Biological variation of laboratory indices is the inherent physiologically promulgated variations in an individual (Johnson, Shahangian & Astles, 2021; Carobene et al., 2021; Hui et al., 2009). Our previous work on biological variations of laboratory indices provided an example of transforming different categories of datasets, according to an evaluation model for observing which index has the greatest biological variation, using the MCI.

The selection of the optimal conditions for ELISA, mentioned above, was used as an example for transforming datasets with the same baseline. Based on MCI, it was possible to determine whether 30 or 60 min is better for colour development.

Results

MCI evaluation

A special dataset is presented in Table 1 that reflects how well MCI fits the MCI evaluation model (Fig. 1) and the relationships among absolute change, ratio change, and MCI change could help understand the change described by the MCI. As shown in Table 1, the influence of zero on relative change is eliminated using the MCI. When a = 0.5, b = 0 or a = 1, b = 0.5; the MCI = 0.50, suggesting that the MCI corresponds to the evaluation model. The results also show that the MCI increases with increasing ratio and absolute change; however, same MCI correspond to different ratio or absolute values, as shown in Fig. 2. This indicates that the MCI is independent index.

Table 1:
A special dataset for observing the MCI corresponding to evaluation models.
Cardinal number Number Variation MCI
(middle compared index)
After magnitude Before magnitude Ratio Absolute
0.50 0.00 0.50 0.50
1.00 0.00 1.00 1.00
0.15 0.05 3.00 0.10 0.11
0.25 0.05 5.00 0.20 0.20
Small 0.35 0.05 7.00 0.30 0.28
0.45 0.05 9.00 0.40 0.34
0.55 0.05 11.00 0.50 0.41
0.65 0.05 13.00 0.60 0.49
0.75 0.05 15.00 0.70 0.58
0.85 0.05 17.00 0.80 0.70
0.95 0.05 19.00 0.90 0.84
0.50 0.50 1.00 0.00 0.00
0.60 0.50 1.20 0.10 0.02
0.70 0.50 1.40 0.20 0.07
Large 0.80 0.50 1.60 0.30 0.15
0.90 0.50 1.80 0.40 0.28
1.00 0.50 2.00 0.50 0.50
1.00 0.40 2.50 0.60 0.56
1.00 0.30 3.33 0.70 0.64
1.00 0.20 5.00 0.80 0.73
1.00 0.10 10.00 0.90 0.85
DOI: 10.7717/peerj.14955/table-1

Note:

The numerical value derived from evaluation model (Fig. 1) is shown in bold..

Relationship between the middle compared index (MCI), the ratio and the absolute index (same MCI correspond to different ratio or absolute values).

Figure 2: Relationship between the middle compared index (MCI), the ratio and the absolute index (same MCI correspond to different ratio or absolute values).

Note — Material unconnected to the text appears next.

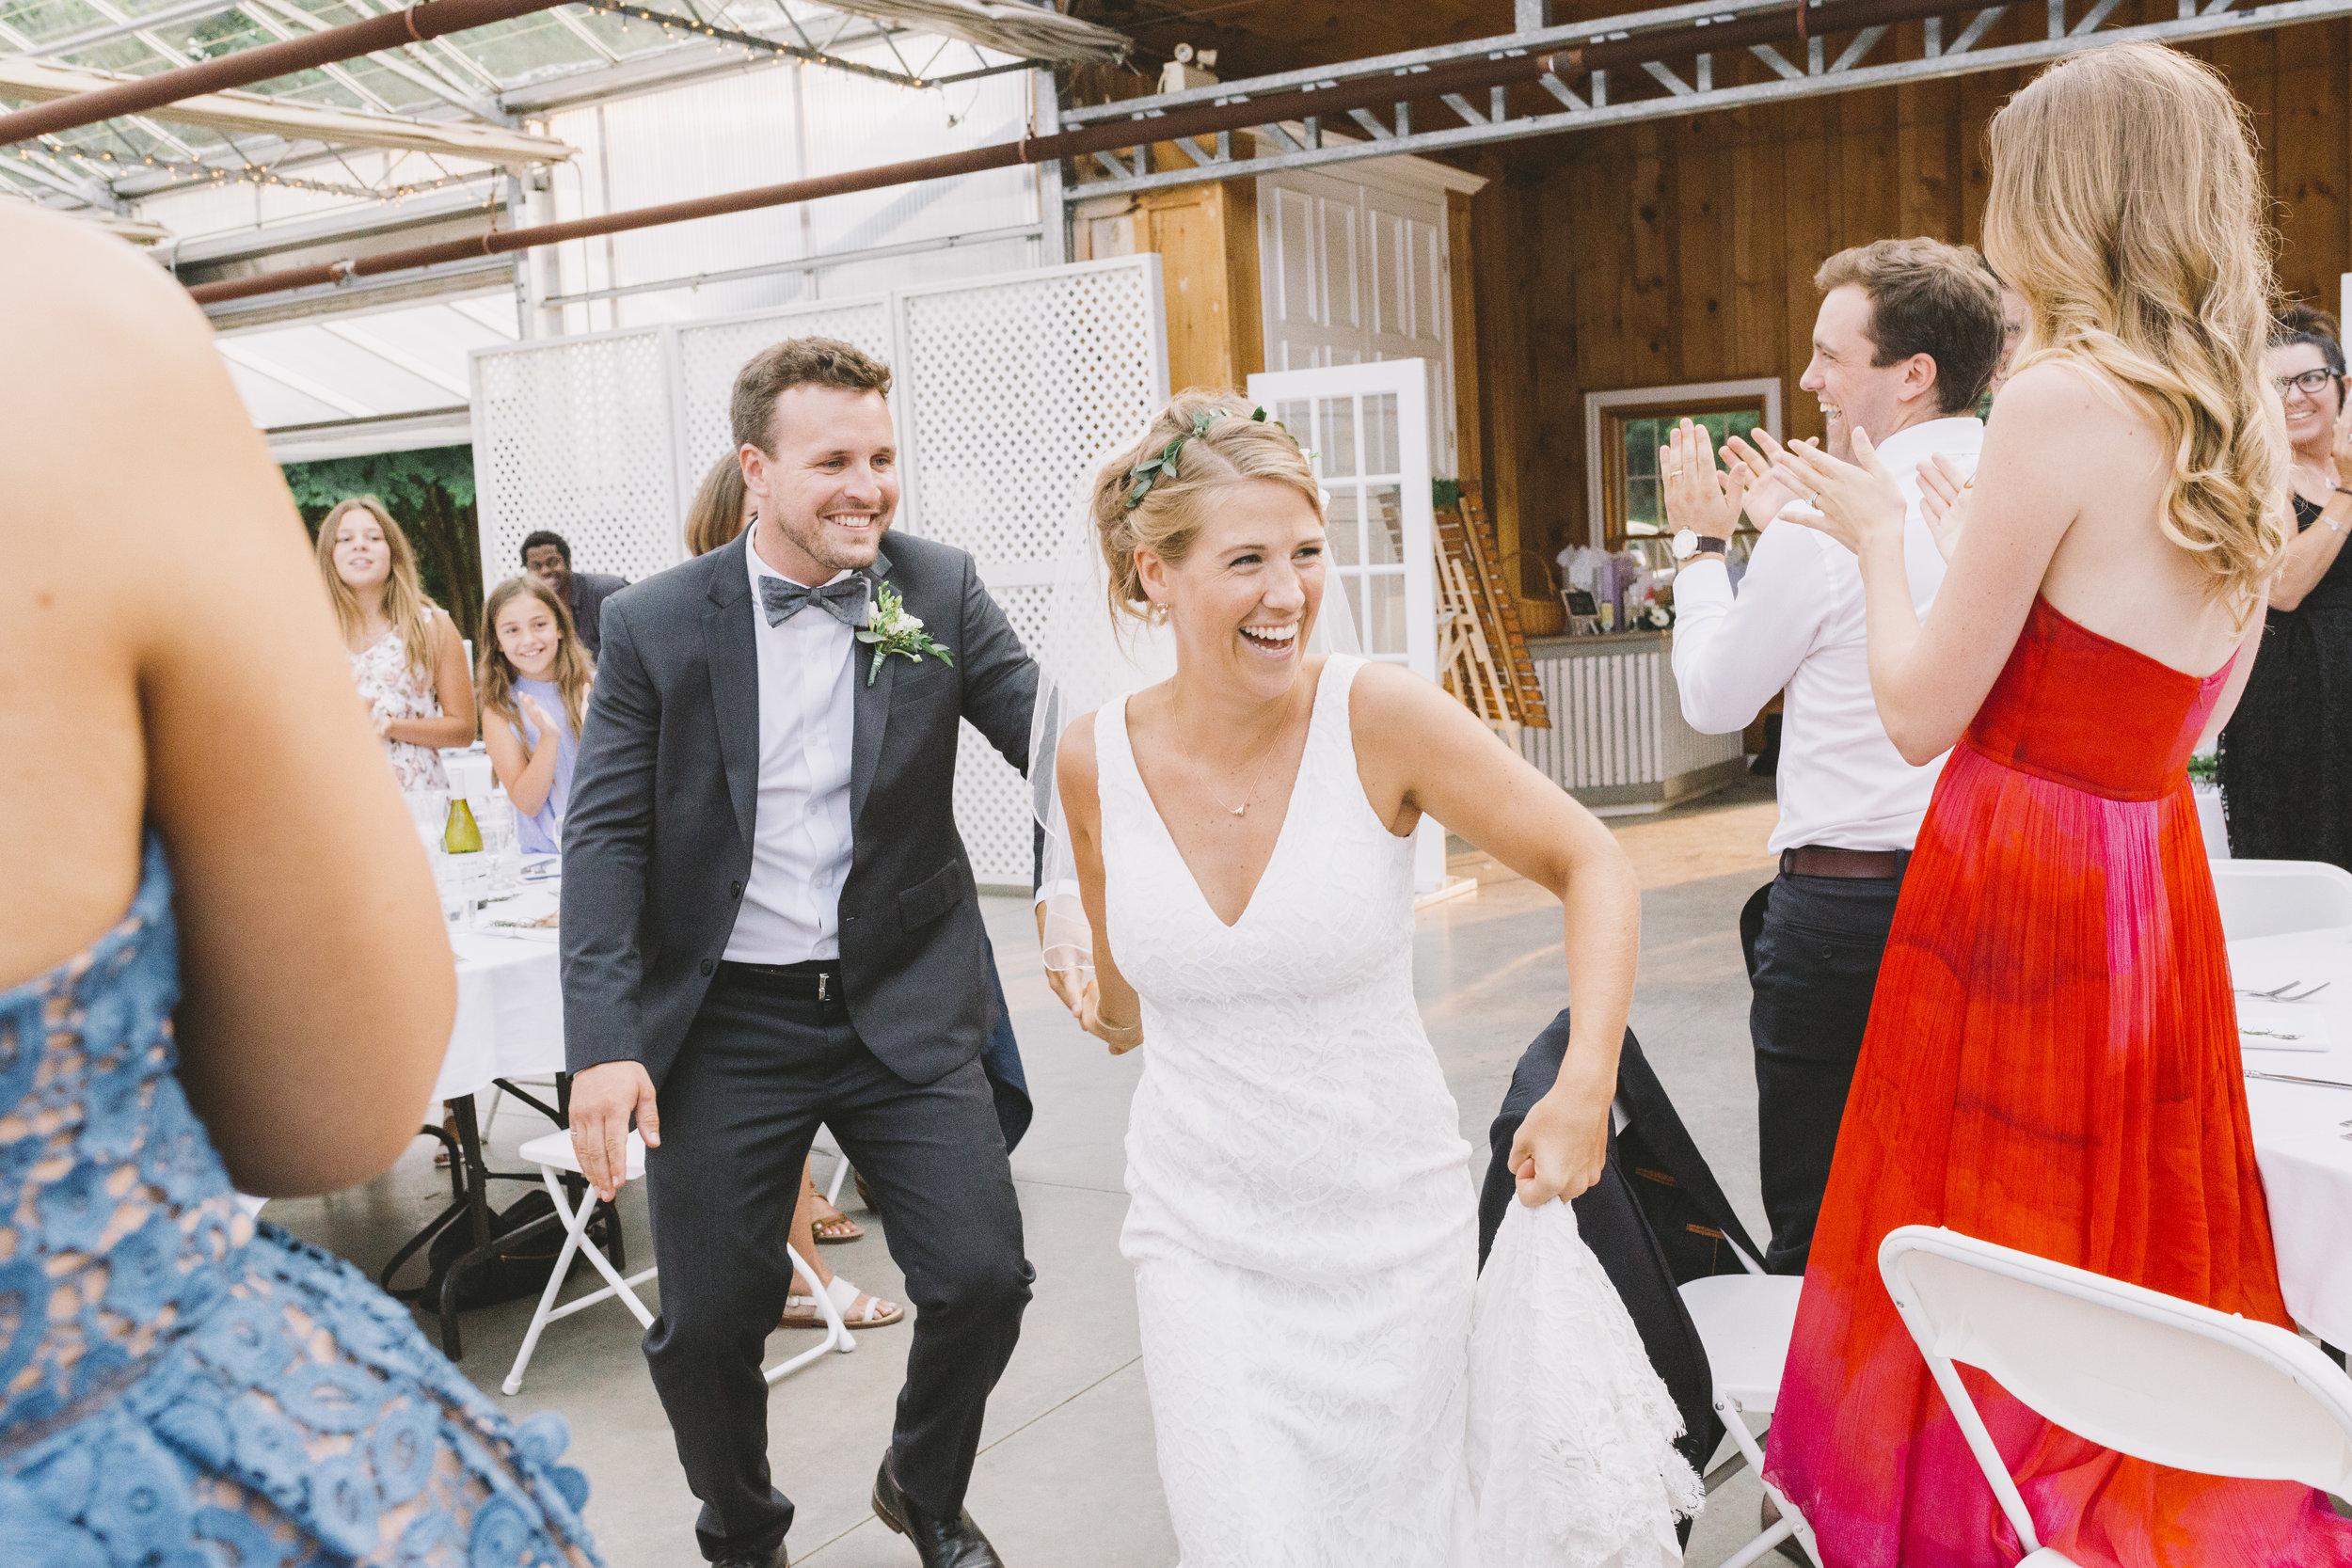 Wedding Reception at Drysdale's Tree Farm

Comparison of same category of dataset using the MCI

We use the evaluation of which gene has the most effect on SCH as an example. Our previous study found the frequency of HLADRB1*07-02 was 0.040 in the group with SCH and 0.013 in the control group (p = 0.002) (Laiyu et al., 2017). We also found the frequency of HLADQB1*03 was 0.533 in the schizophrenic group and 0.420 in the control group (p = 0.035) (Laiyu et al., 2017), as shown in Table 2. The results revealed that the MCI was 0.109 for HLADRB1*07-02 and 0.011 for HLADQB1*03, which indicates that the HLADRB1*07-02 gene had a greater variation in SCH.

Table 2:
Evaluation of what gene has more effect on schizophrenia (SCH).
Genes Original data Transformed data1
SCH Control Ratio Absolute SCH Control MCI2
HLADRB1*03 0.533 0.420 1.269 0.113 0.718 0.657 0.011
HLADQB1*07-02 0.040 0.013 3.077 0.027 0.101 0.033 0.109
DOI: 10.7717/peerj.14955/table-2

Notes:

Original data transformed by Eq. (1).
MCI, middle compared index, calculated by Eq. (4).

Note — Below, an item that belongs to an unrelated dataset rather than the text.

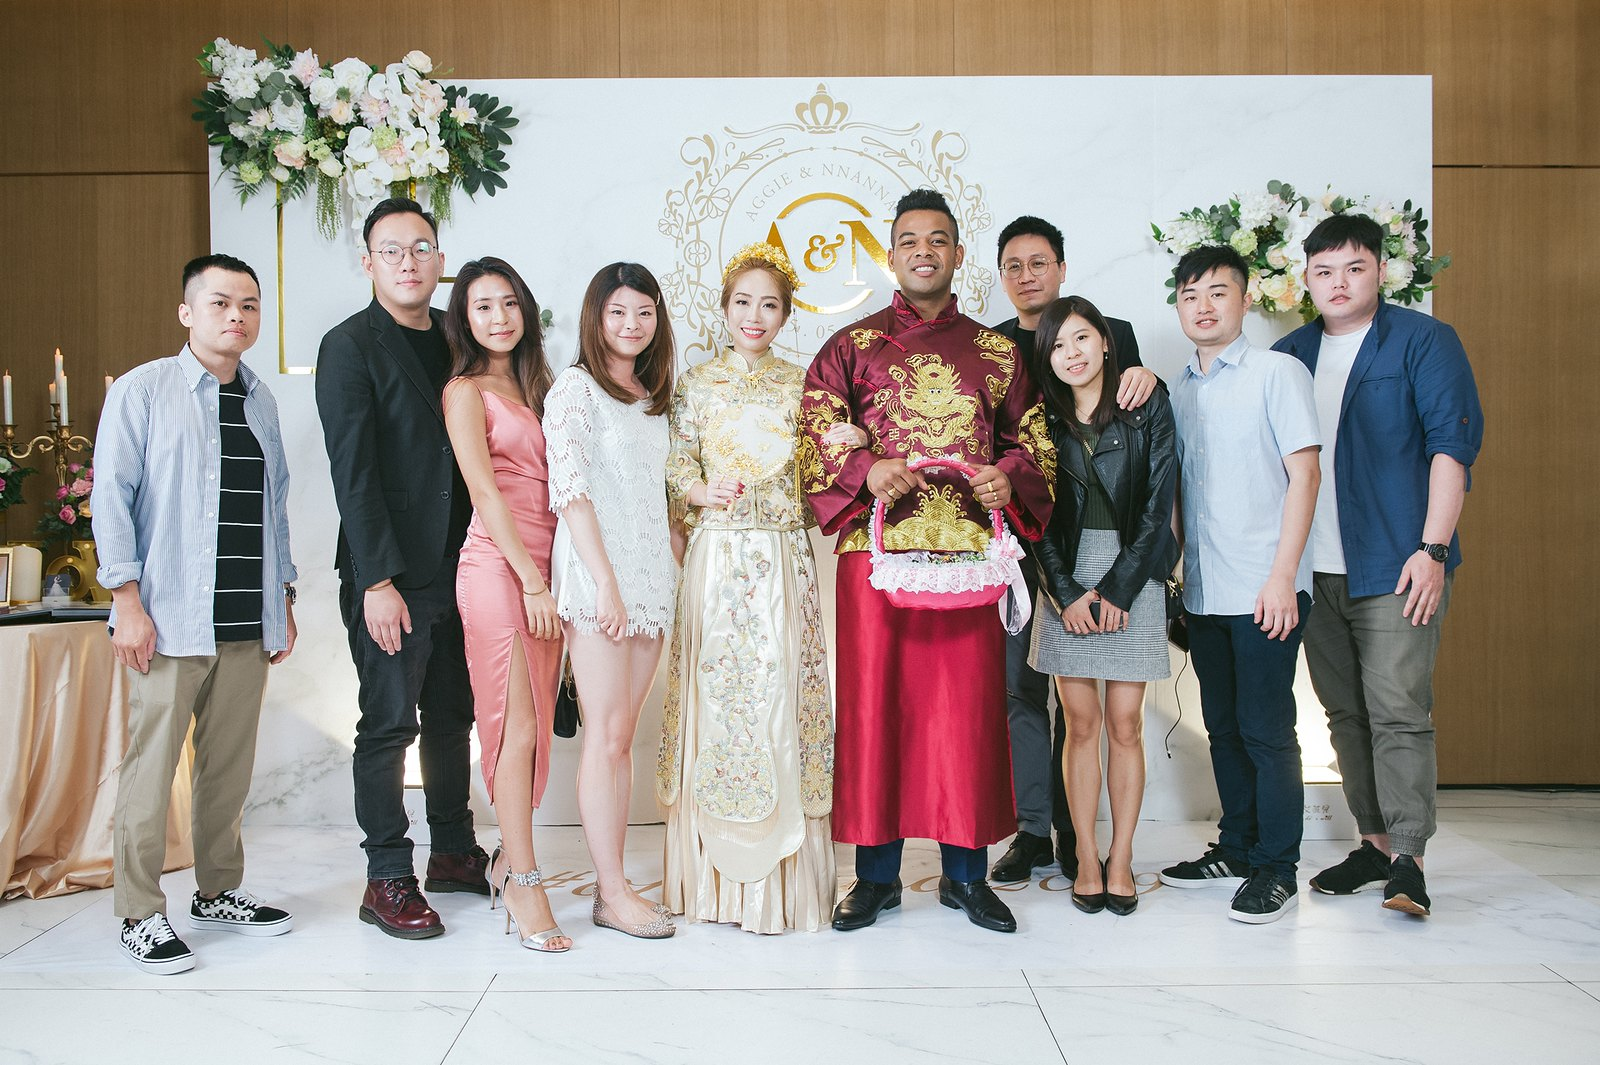 【婚攝】Aggie & Nnanna / 台北凱達大飯店 / 長老教會艋舺教會

Comparison of different categories of datasets using the MCI

We use the evaluation of which laboratory indices have greater biological variation as an example. The results of our previous work on biological variation are shown in Table 3 (Guang, Yuzhong & Hui, 2022), which show the observed mean and standard deviation (SD) obtained from the reference range (normal distribution). The results revealed that the MCI was 0.006 for albumin and 0.005 for urea, implying that albumin exhibits greater biological variation than urea does.

Table 3:
Evaluation of what laboratory indices have greater biological variation.
Indices Reference range Mean ± SD Original data Transformed data1
Day 1 Day 2 Ratio Day 1 Day 2 MCI2
Albumin 40~50 45 ± 2.5 47.0 47.5 1.01 0.69 0.73 0.006
Urea 2.8~7.1 5.0 ± 1.1 3.9 4.1 1.02 0.86 0.88 0.005
DOI: 10.7717/peerj.14955/table-3

Notes:

Original data transformed by Eq. (2).
MCI, middle compared index, calculated by Eq. (4).

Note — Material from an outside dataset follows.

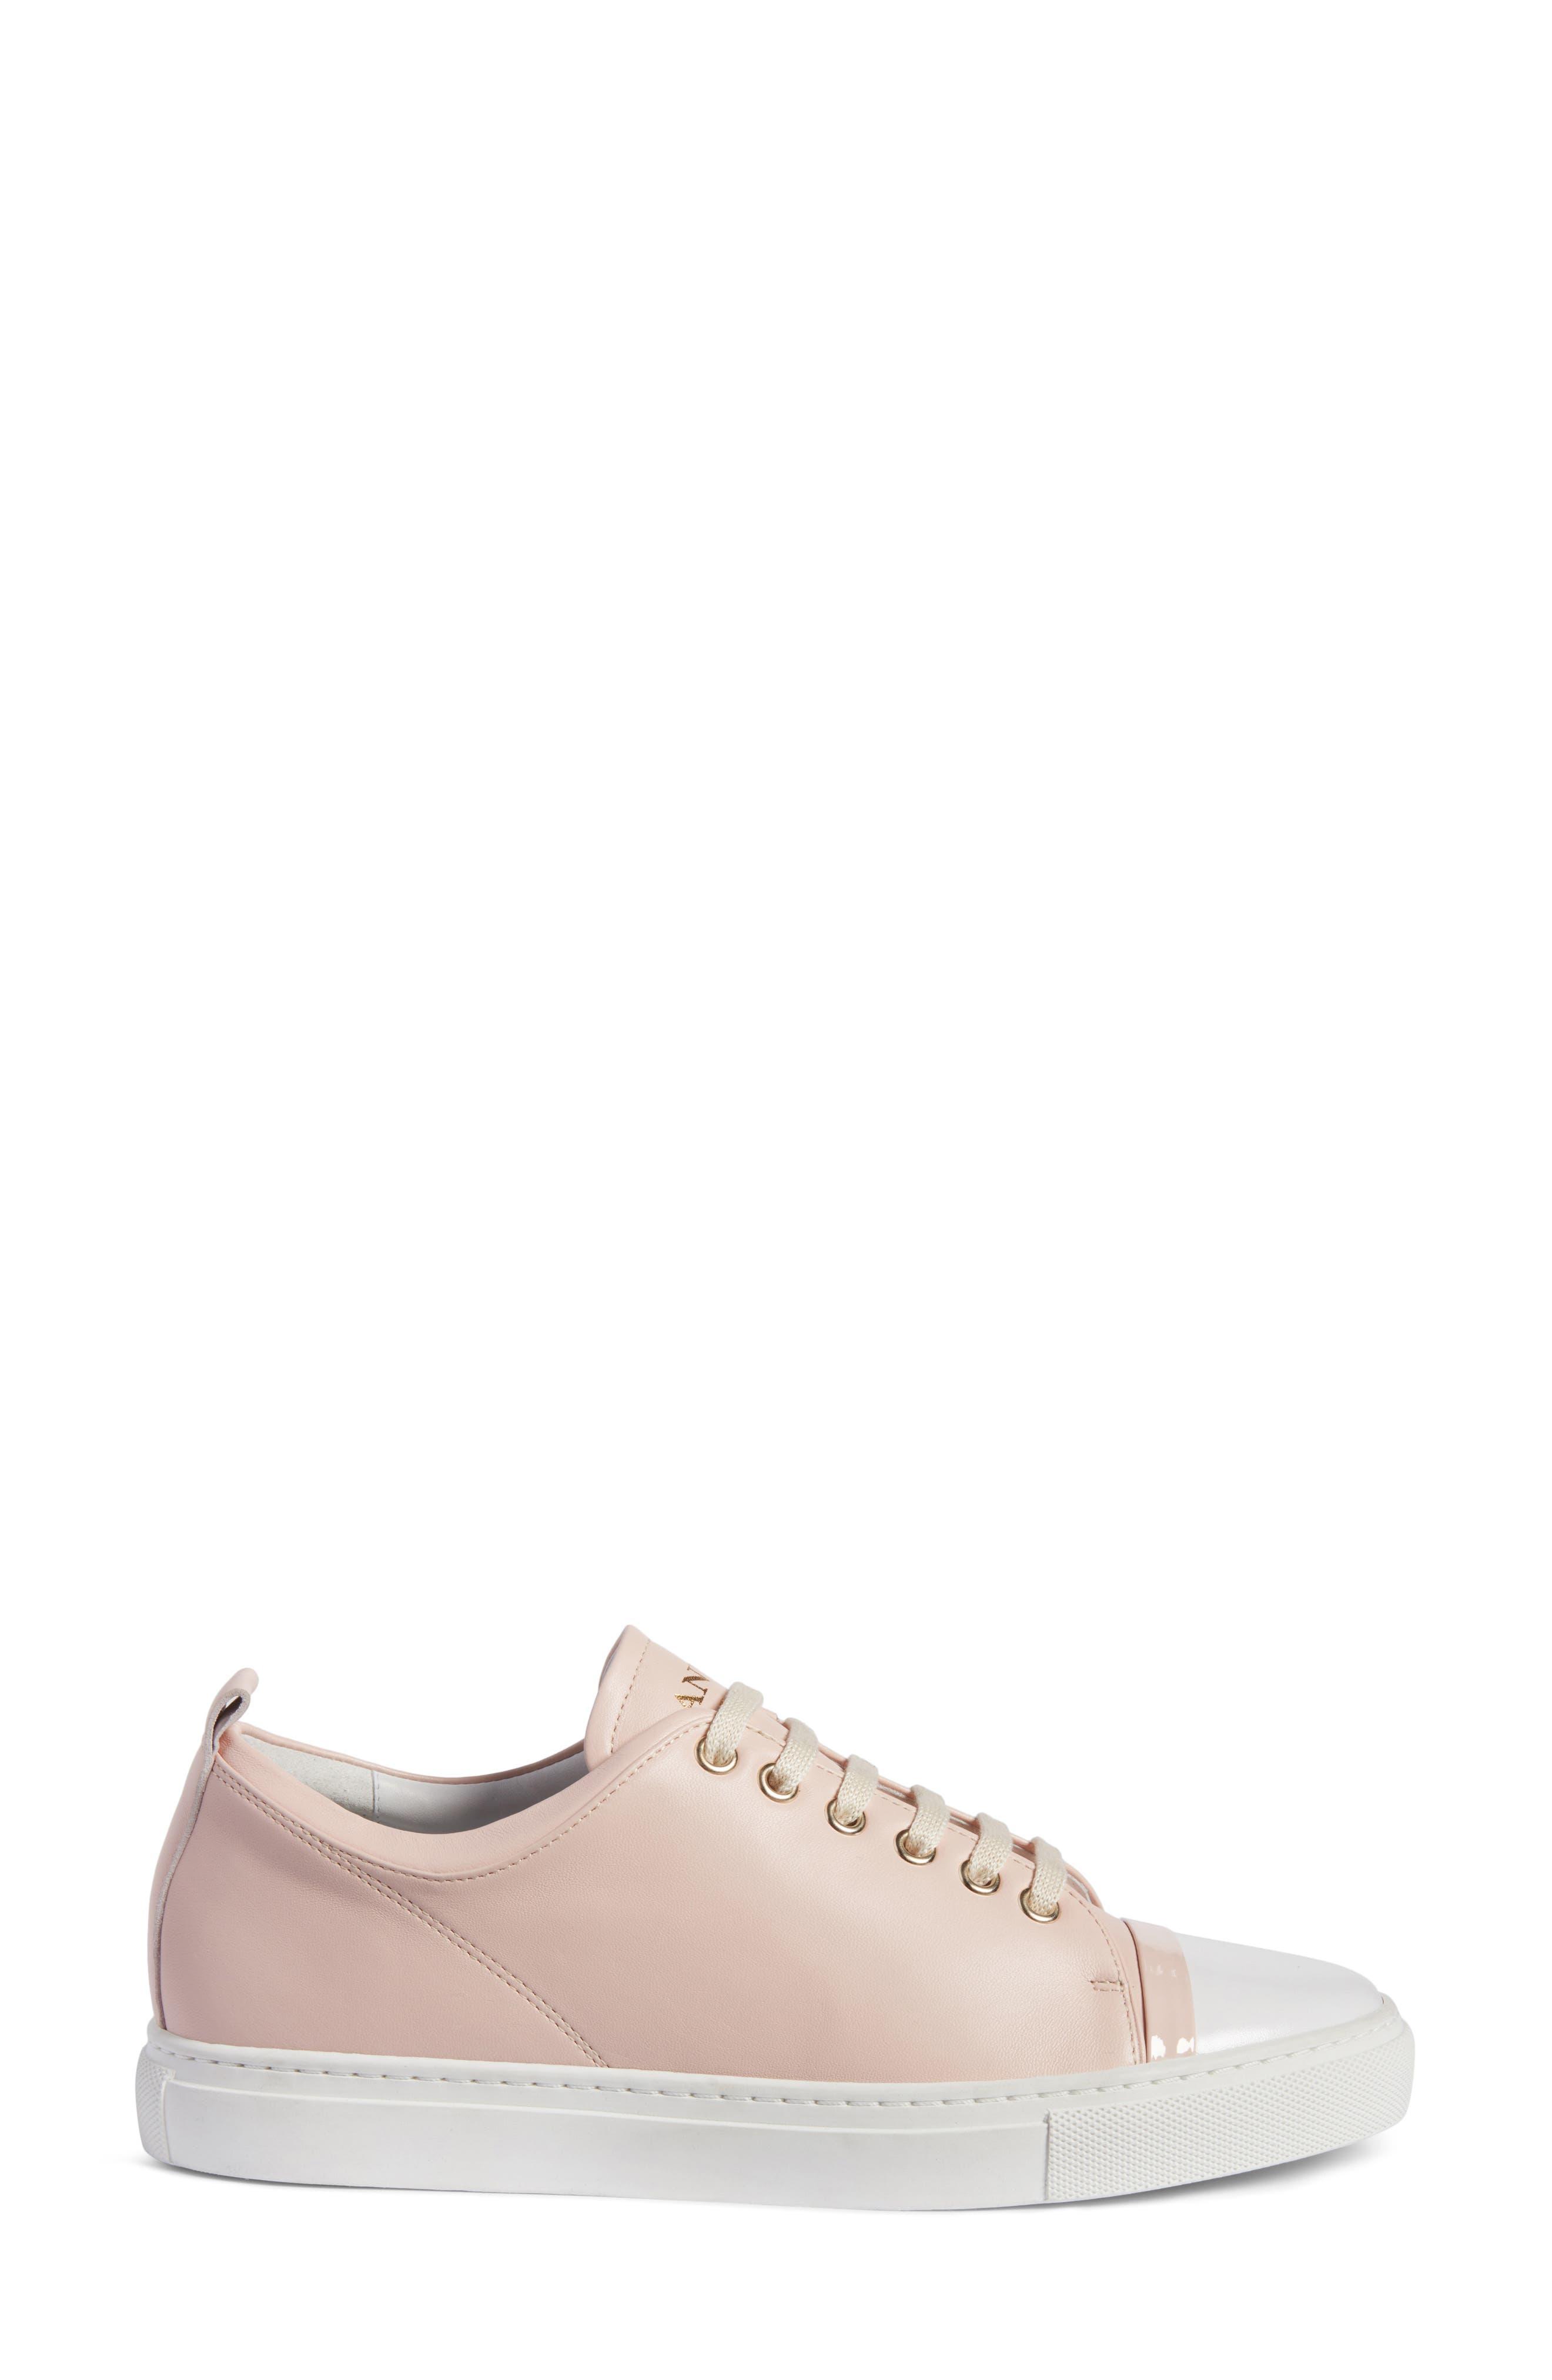 Low Top Sneaker,                             Alternate thumbnail 3, color,                             650

Comparison of datasets with the same baseline

We use the evaluation of what is the optimal condition for ELISA, as mentioned above, as an example. The OD value was determined at 30 and 60 min after the addition of the colour developing reagent (see Table 4). A larger score indicates a ‘satisfactory colour’. The results showed that it was possible to determine that 60 min was better than 30 min, based on the MCI.

Table 4:
Evaluation of what is the optimal condition for ELISA.
Time OD value Ratio Absolute Transformed data1
Negative Positive Negative Positive MCI2
30 min 0.082 0.296 3.610 0.241 0.073 0.262 0.334
60 min 0.175 0.565 3.229 0.390 0.155 0.500 0.454
DOI: 10.7717/peerj.14955/table-4

Notes:

Original data transformed by Eq. (3).
MCI, middle compared index, calculated by Eqs. (4) and (5).

Discussion

The purpose of the quantitative description of variations is to make comparisons. Quantitative variations are normally described in terms of changes in ratio values and absolute values. The ratio method uses an index derived from a own cardinal number as the baseline, whereas the difference method uses zero derived from a cardinal number as the baseline. Therefore, the values of the ratio and absolute method indices are not comparable. The present study proposed a model that uses the population mean as a reference point to create a new index (the MCI) for quantitatively evaluating variations in measurement data and relative data.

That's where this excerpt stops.